Orkworld
- Orkworld rulebook cover
- Designers: John Wick
- Publishers: Wicked Press
- Publication: 2000
- Genres: Tabletop role-playing game, fantasy

= Orkworld =

Tabletop fantasy role-playing game by John Wick

Orkworld is a fantasy role-playing game featuring orks. It was designed by John Wick, illustrated by Thomas Denmark and released by Wicked Press.

==Game setting and mechanics==
According to Wick, Orkworld breaks from the mold of treating orks as evil monsters in tabletop role-playing games and fantasy literature dating back to their creation by J. R. R. Tolkien. Orkworld treats orks as protagonists (although not necessarily heroic ones), doomed by the fact that they are less intelligent and adaptable than their enemy races of humanity, dwarf-kind and elvenfolk. The game is heavily descriptive of a fantastical orkish culture.

Orkworld is also unusual in that character generation is a collective effort.

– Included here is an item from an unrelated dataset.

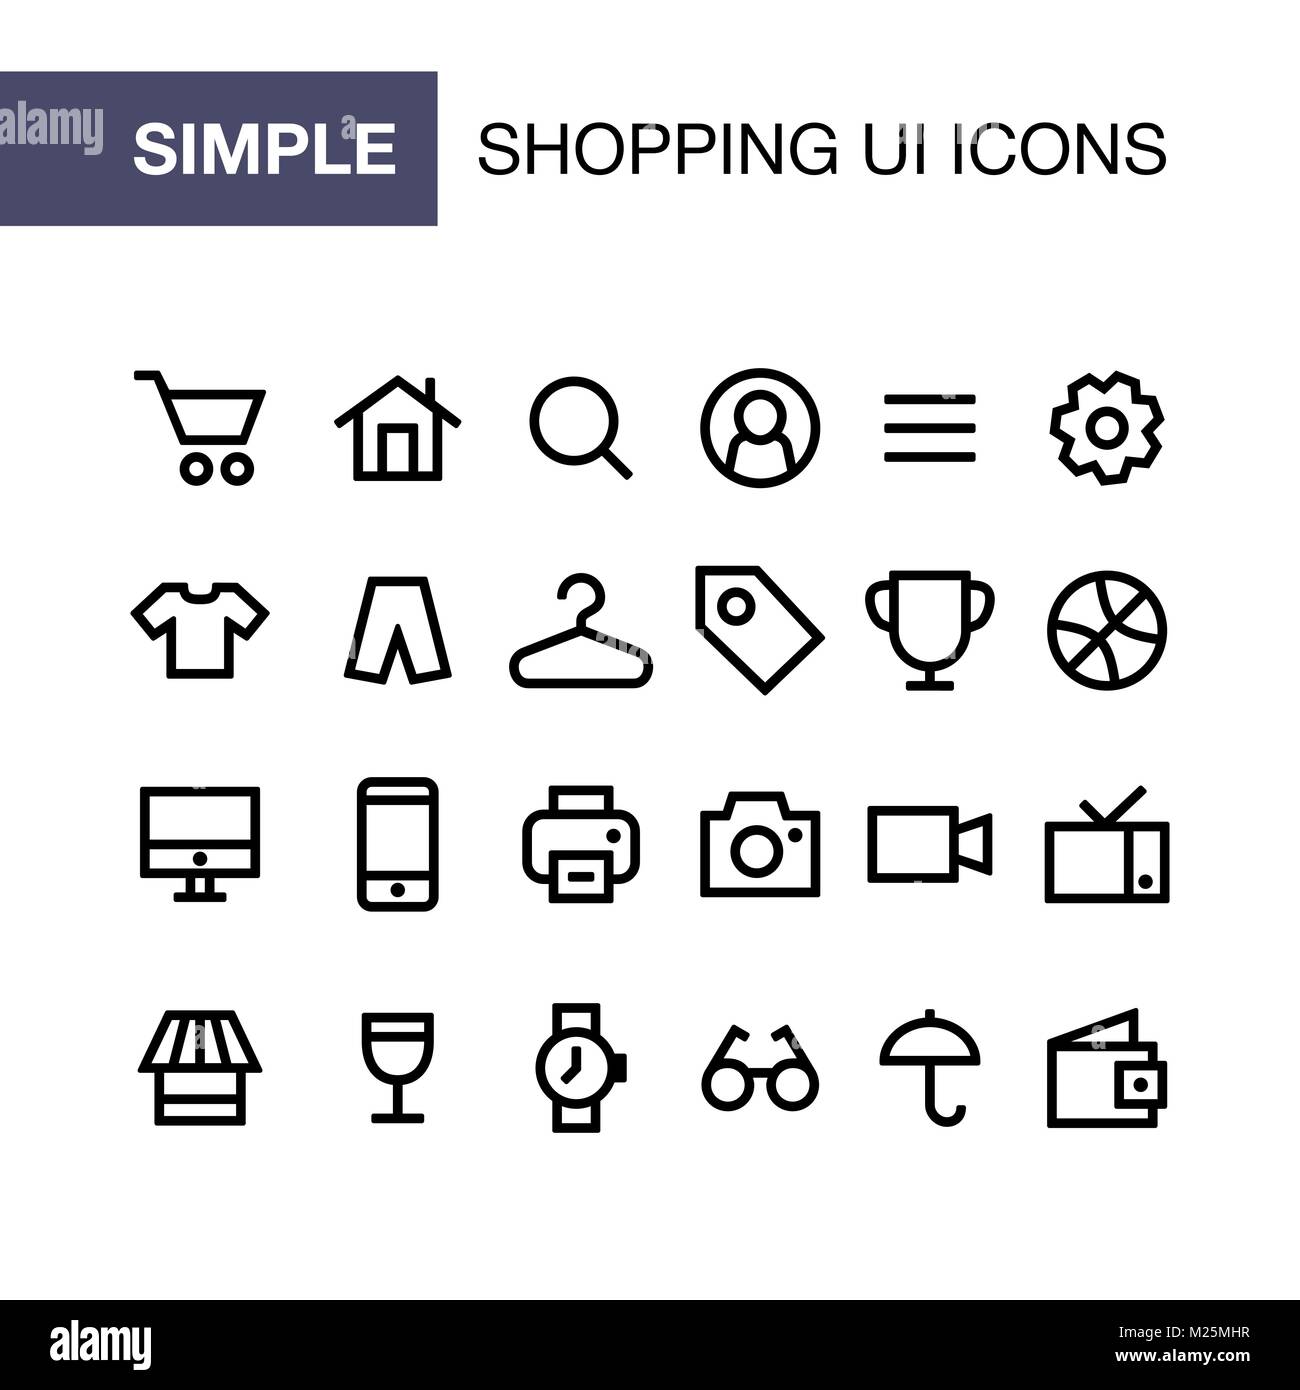 Online shopping Icons für einfache Flat Style ui Design. Stock Vektor

Each party of players first creates the household using a pool of character points. The household defines multiple aspects of the group. The points spent can define the technological level, the population, the experience of the household leaders, and even the resources and strongholds available to the household. Once this is complete the players then divide up the remaining character points however they want and use the points assigned to each of them to create their character for the game.

==Fan reaction==
While fan reaction was mixed, a number of fan created additions to the game engine were done and released on the net during the years following release, and some are still recorded in the WaybackMachine internet archive.